RE: [patch 21/32] NTB/msi: Convert to msi_on_each_desc()

"Tian, Kevin" <kevin.tian@xxxxxxxxx> · Mon, 13 Dec 2021 07:50:50 +0000

> From: Jason Gunthorpe <jgg@xxxxxxxxxx>
> Sent: Monday, December 13, 2021 7:37 AM
> 
> On Sun, Dec 12, 2021 at 09:55:32PM +0100, Thomas Gleixner wrote:
> > Kevin,
> >
> > On Sun, Dec 12 2021 at 01:56, Kevin Tian wrote:
> > >> From: Thomas Gleixner <tglx@xxxxxxxxxxxxx>
> > >> All I can find is drivers/iommu/virtio-iommu.c but I can't find anything
> > >> vIR related there.
> > >
> > > Well, virtio-iommu is a para-virtualized vIOMMU implementations.
> > >
> > > In reality there are also fully emulated vIOMMU implementations (e.g.
> > > Qemu fully emulates Intel/AMD/ARM IOMMUs). In those configurations
> > > the IR logic in existing iommu drivers just apply:
> > >
> > > 	drivers/iommu/intel/irq_remapping.c
> > > 	drivers/iommu/amd/iommu.c
> >
> > thanks for the explanation. So that's a full IOMMU emulation. I was more
> > expecting a paravirtualized lightweight one.
> 
> Kevin can you explain what on earth vIR is for and how does it work??
> 
> Obviously we don't expose the IR machinery to userspace, so at best
> this is somehow changing what the MSI trap does?
> 

Initially it was introduced for supporting more than 255 vCPUs. Due to 
full emulation this capability can certainly support other vIR usages
as observed on bare metal.

vIR doesn't rely on the physical IR presence.

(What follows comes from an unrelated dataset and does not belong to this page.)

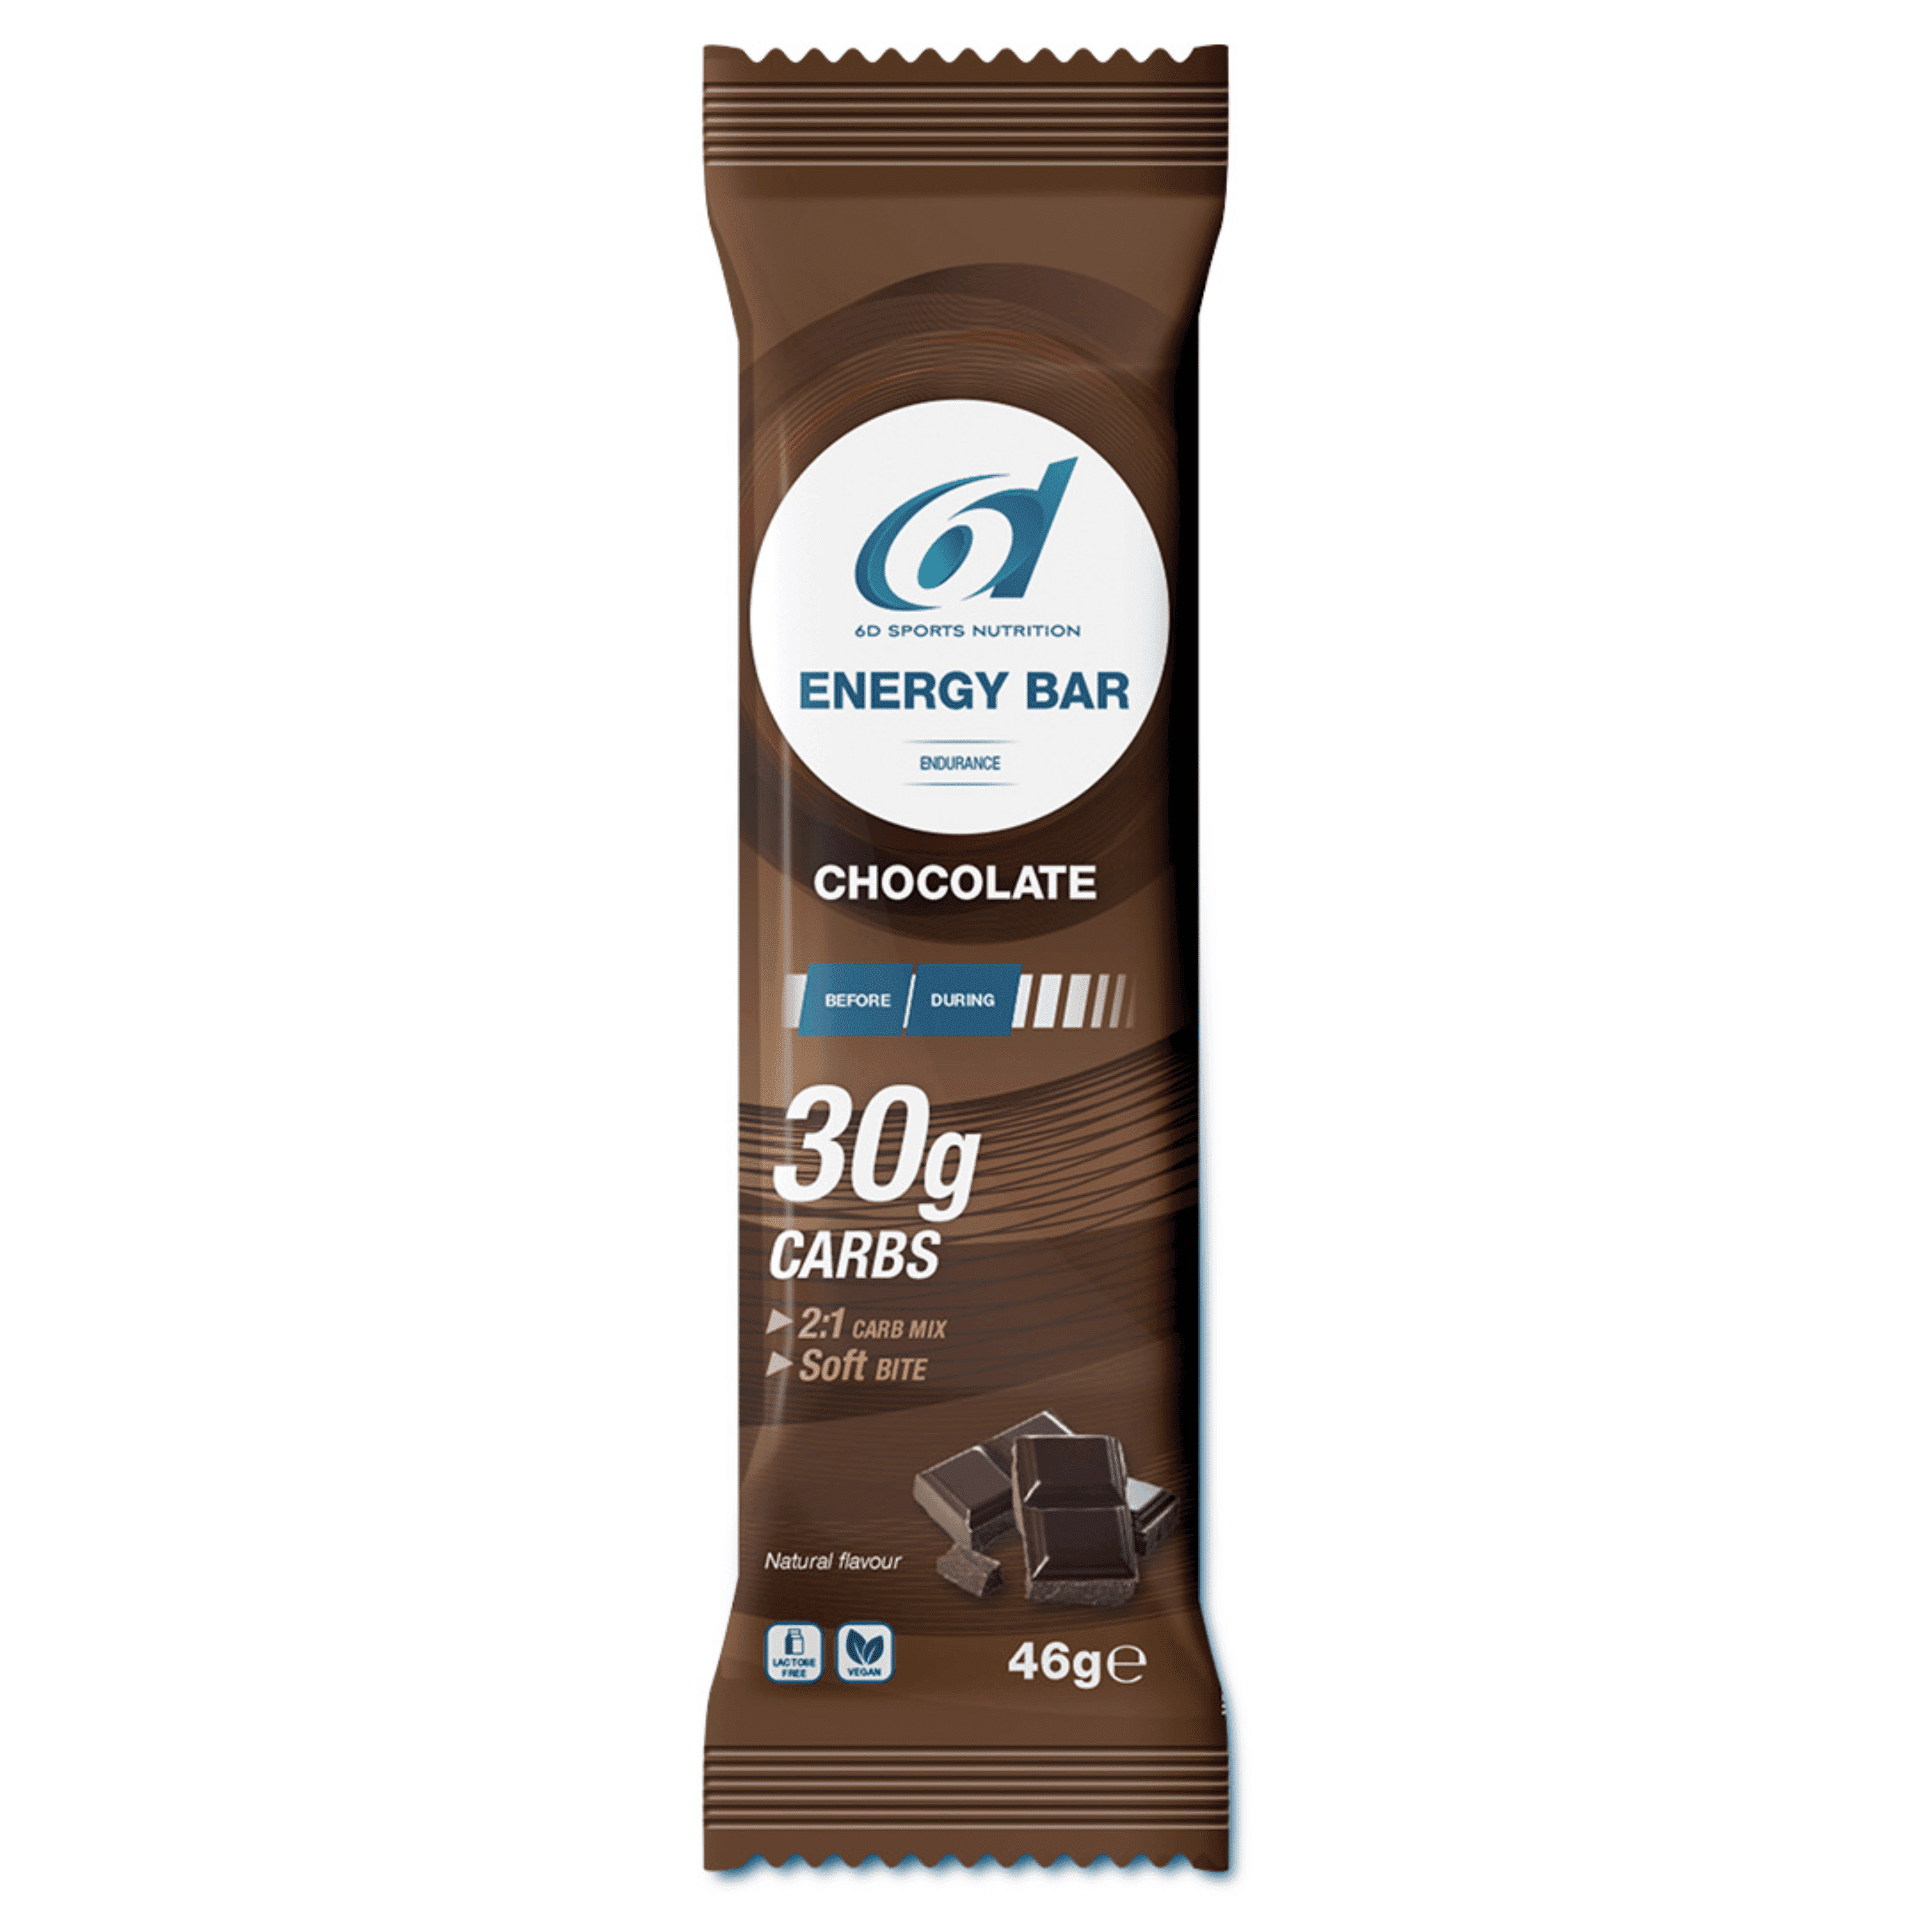 6d Energy Bar Chocolate 46g

First if the guest doesn't have vfio device then the physical capability
doesn't matter.

Even with vfio device, IR by definition is just about remapping instead
of injection (talk about this part later). The interrupts are always routed
to the host handler first (vfio_msihandler() in this case), which then 
triggers irqfd to call virtual interrupt injection handler (irqfd_wakeup())
in kvm.

This suggests a clear role split between vfio and kvm:

  - vfio is responsible for irq allocation/startup as it is the device driver;
  - kvm takes care of virtual interrupt injection, being a VMM;

The two are connected via irqfd.

Following this split vIR information is completely hidden in userspace.
Qemu calculates the routing information between vGSI and vCPU
(with or without vIR, and for whatever trapped interrupt storages) 
and then registers it to kvm.

When kvm receives a notification via irqfd, it follows irqfd->vGSI->vCPU
and injects a virtual interrupt into the target vCPU.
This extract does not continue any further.